Using a predicate and the algorithm remove_if you can achieve what you want : see http://www.cplusplus.com/reference/algorithm/remove_if/
Don't forget to erase the item (see remove-erase idiom).
Your predicate will simply hold the idx of each value to remove and decrease all indexes it keeps each time it returns true.
That said if you can afford just removing each object using the remove-erase idiom, just make your life simple by doing it.
Erase the items backwards. In other words erase the highest index first, then next highest etc. You won't invalidate any previous iterators or indexes so you can just use the obvious approach of multiple erase calls.
I would move the elements which you don't want to erase to a temporary vector and then replace the original vector with this.
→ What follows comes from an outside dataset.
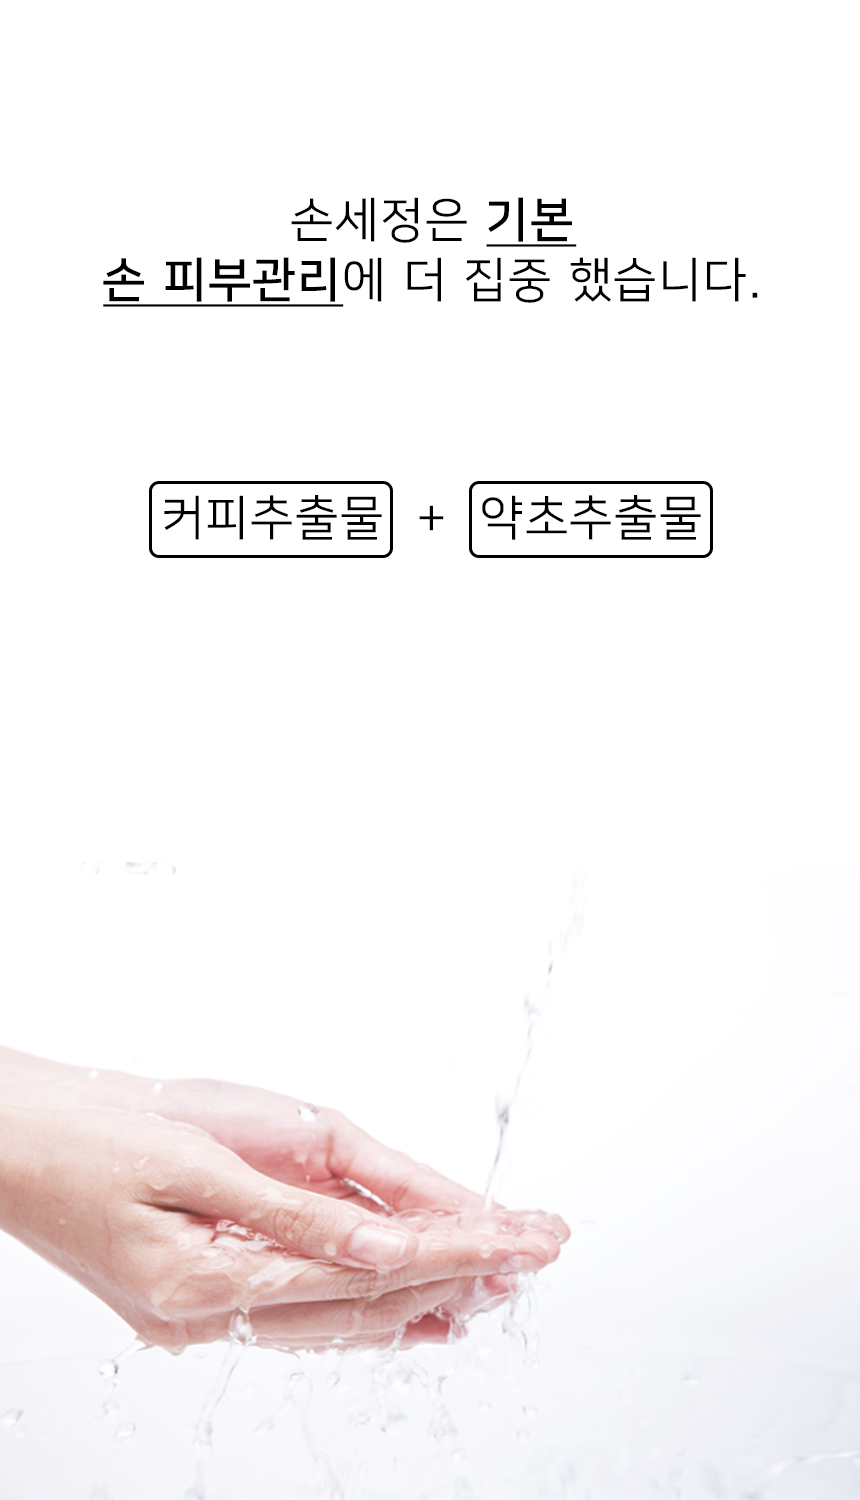 韓國Pilling Bean咖啡喳喳濃密泡泡洗手液 150g+500g

While this answer by Peter G. in variant one (the swap-and-pop technique) is the fastest when you do not need to preserve the order, here is the unmentioned alternative which maintains the order.
With C++17 and C++20 the removal of multiple elements from a vector is possible with standard algorithms. The run time is O(N * Log(N)) due to std::stable_partition. There are no external helper arrays, no excessive copying, everything is done inplace. Code is a "one-liner":
template <class T>
inline void erase_selected(std::vector<T>& v, const std::vector<int>& selection)
{
v.resize(std::distance(
v.begin(),
std::stable_partition(v.begin(), v.end(),
[&selection, &v](const T& item) {
return !std::binary_search(
selection.begin(),
selection.end(),
static_cast<int>(static_cast<const T*>(&item) - &v[0]));
})));
}
The code above assumes that selection vector is sorted (if it is not the case, std::sort over it does the job, obviously).
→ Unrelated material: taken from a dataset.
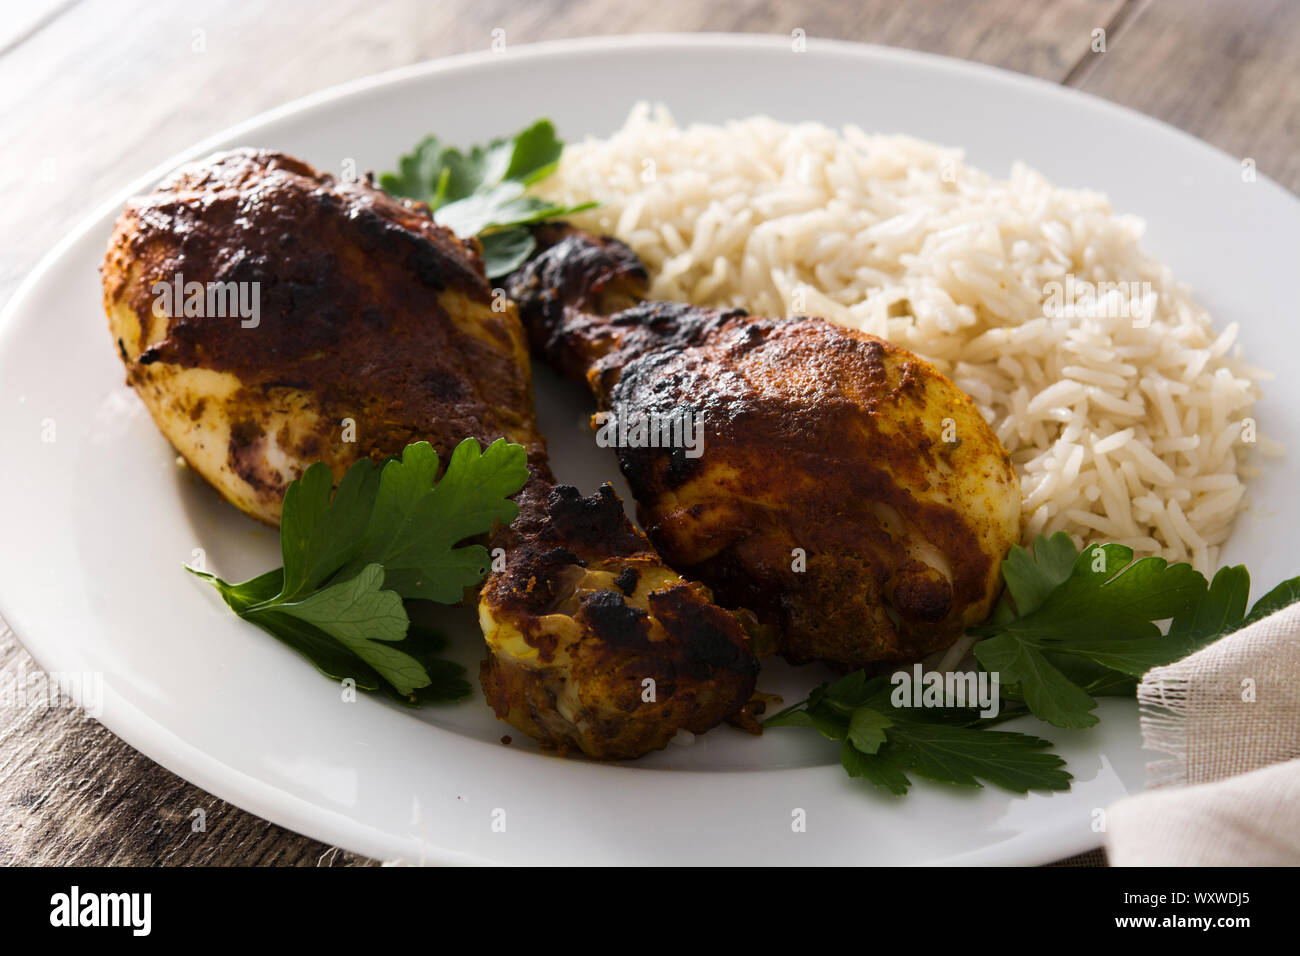 Poulet tandoori grillés avec du riz basmati en plaque sur les tables en bois. Banque D'Images

To break this down, let us declare a number of temporaries:
// We need an explicit item index of an element
// to see if it should be in the output or not
int itemIndex = 0;
// The checker lambda returns `true` if the element is in `selection`
auto filter = [&itemIndex, &sorted_sel](const T& item) {
return !std::binary_search(
selection.begin(),
selection.end(),
itemIndex++);
};
This checker lambda is then fed to std::stable_partition algorithm which is guaranteed to call this lambda only once for each element in the original (unpermuted !) array v.
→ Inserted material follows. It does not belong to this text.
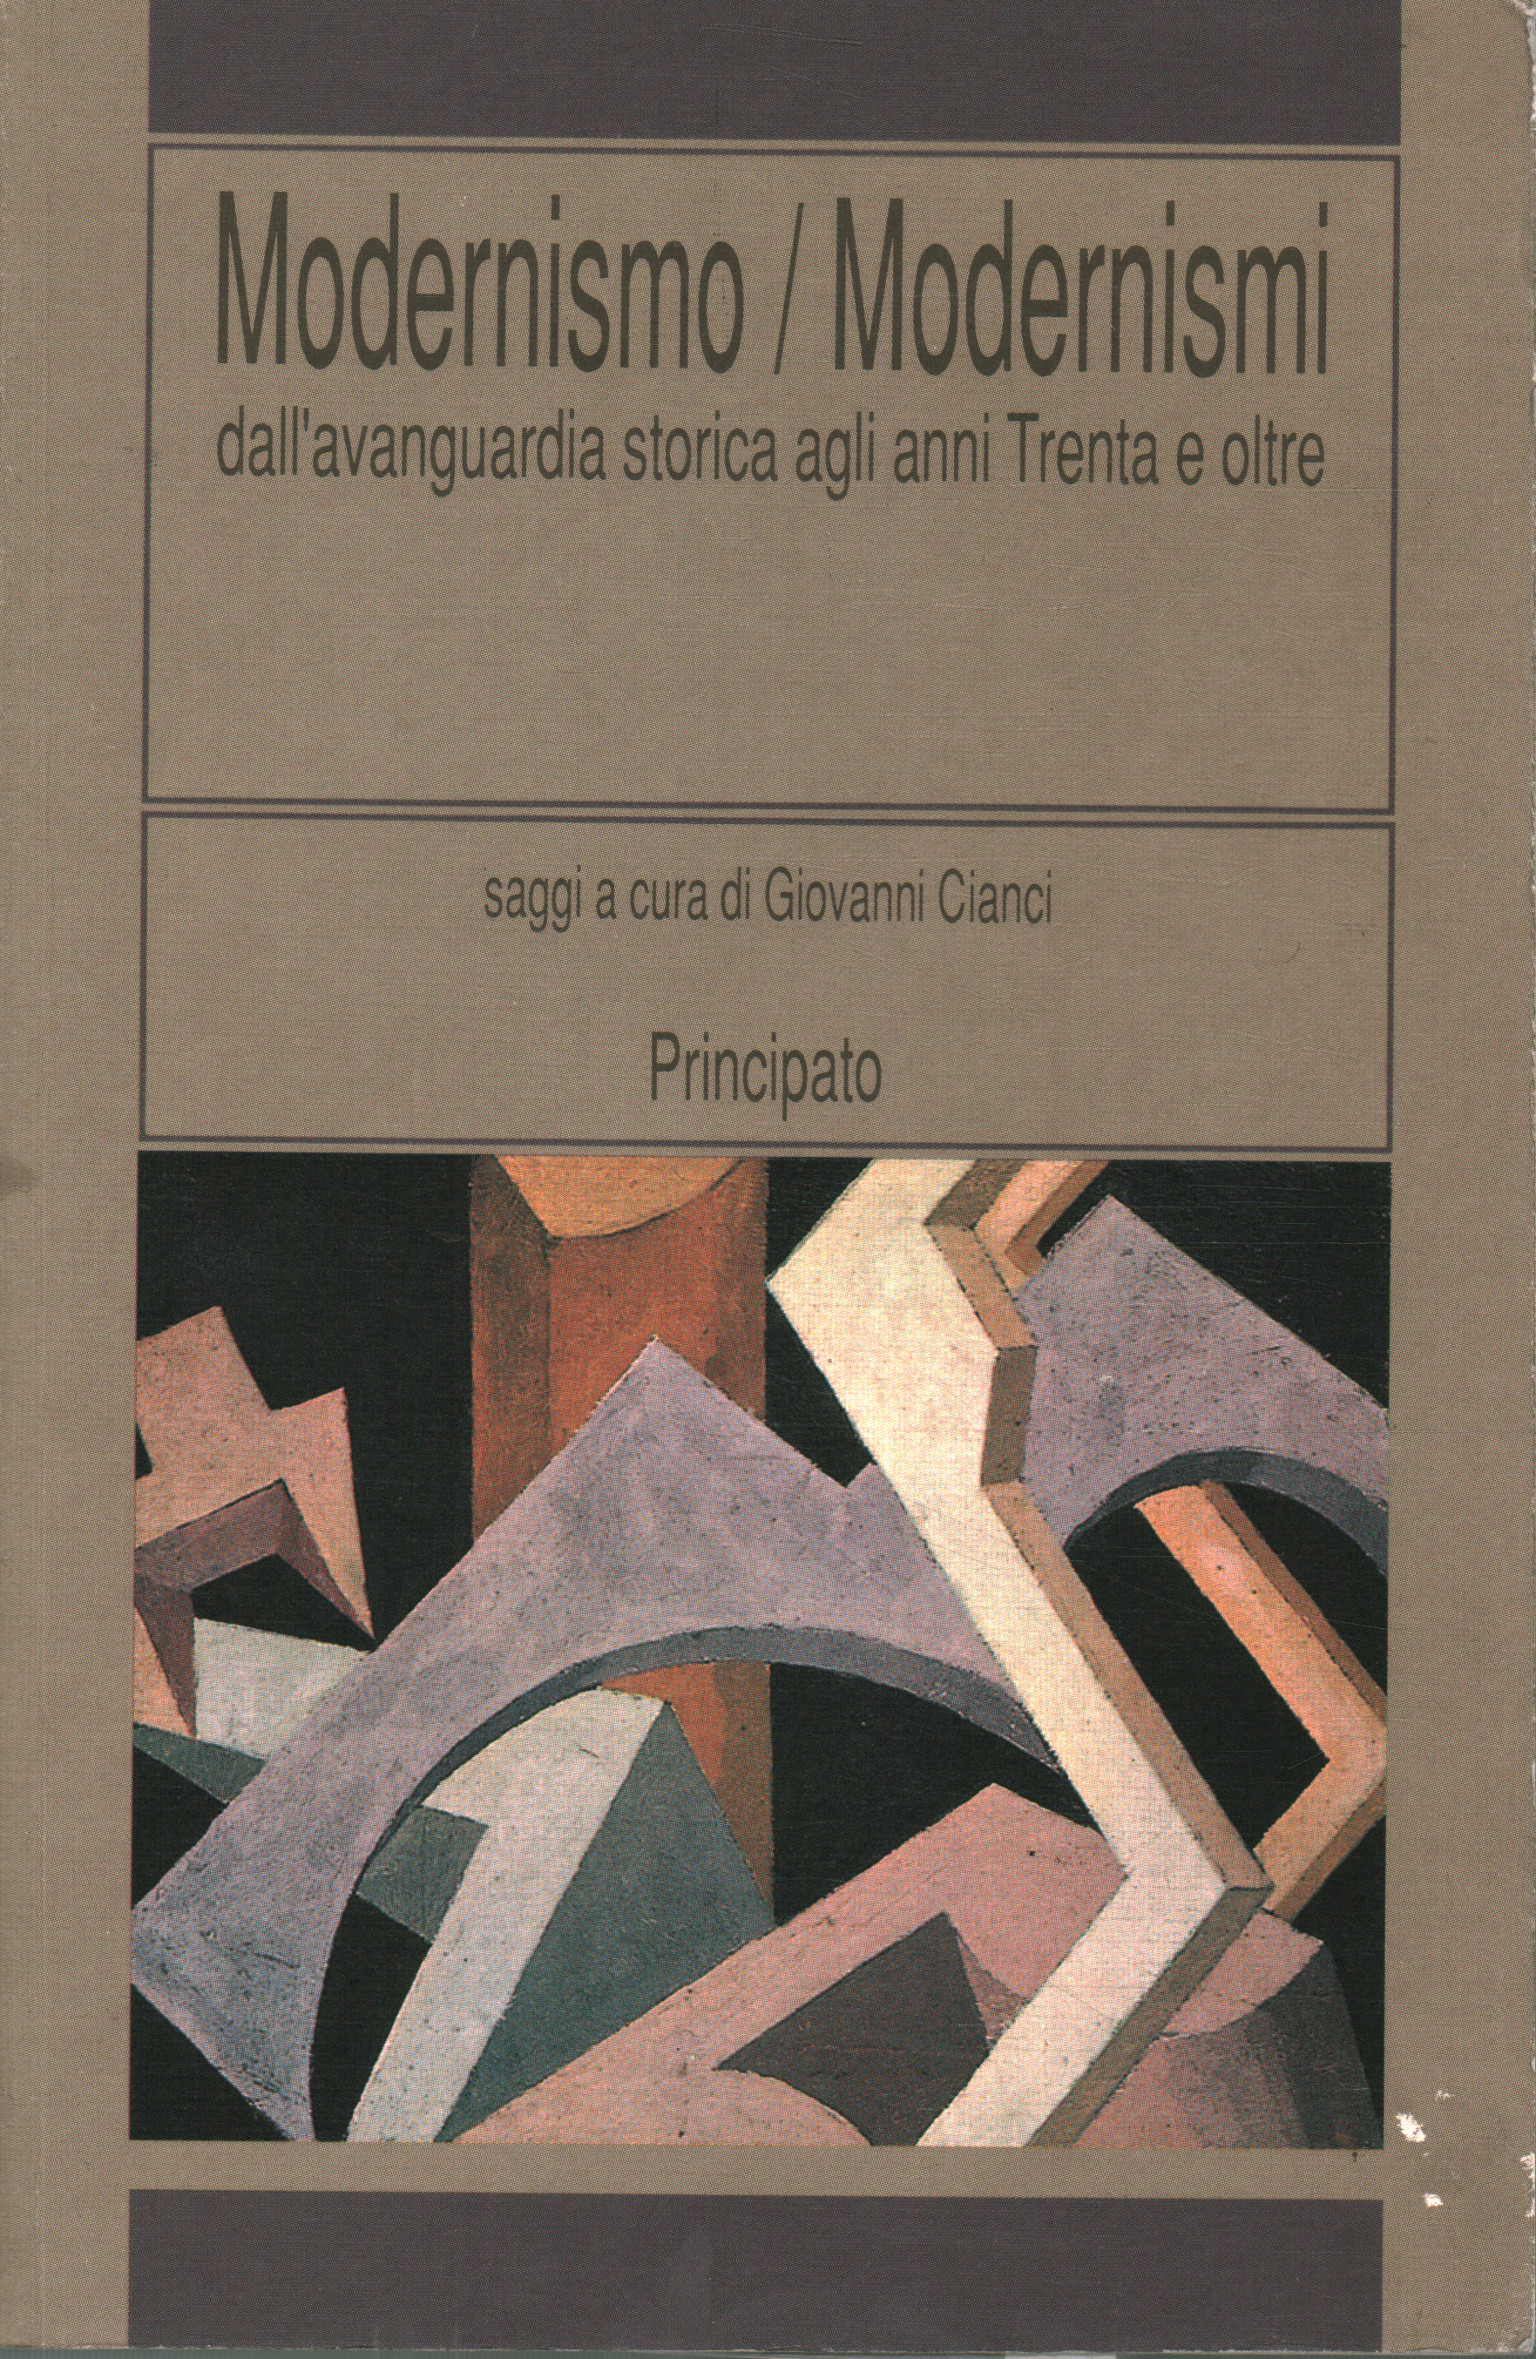 Modernismo / Modernismo, Giovanni Cianci

auto end_of_selected = std::stable_partition(
v.begin(),
v.end(),
filter);
The end_of_selected iterator points right after the last element which should remain in the output array, so we now can resize v down. To calculate the number of elements we use the std::distance to get size_t from two iterators.
v.resize(std::distance(v.begin(), end_of_selected));
This is different from the code at the top (it uses itemIndex to keep track of the array element). To get rid of the itemIndex, we capture the reference to source array v and use pointer arithmetic to calculate itemIndex internally.
Over the years (on this and other similar sites) multiple solutions have been proposed, but usually they employ multiple "raw loops" with conditions and some erase/insert/push_back calls. The idea behind stable_partition is explained beautifully in this talk by Sean Parent.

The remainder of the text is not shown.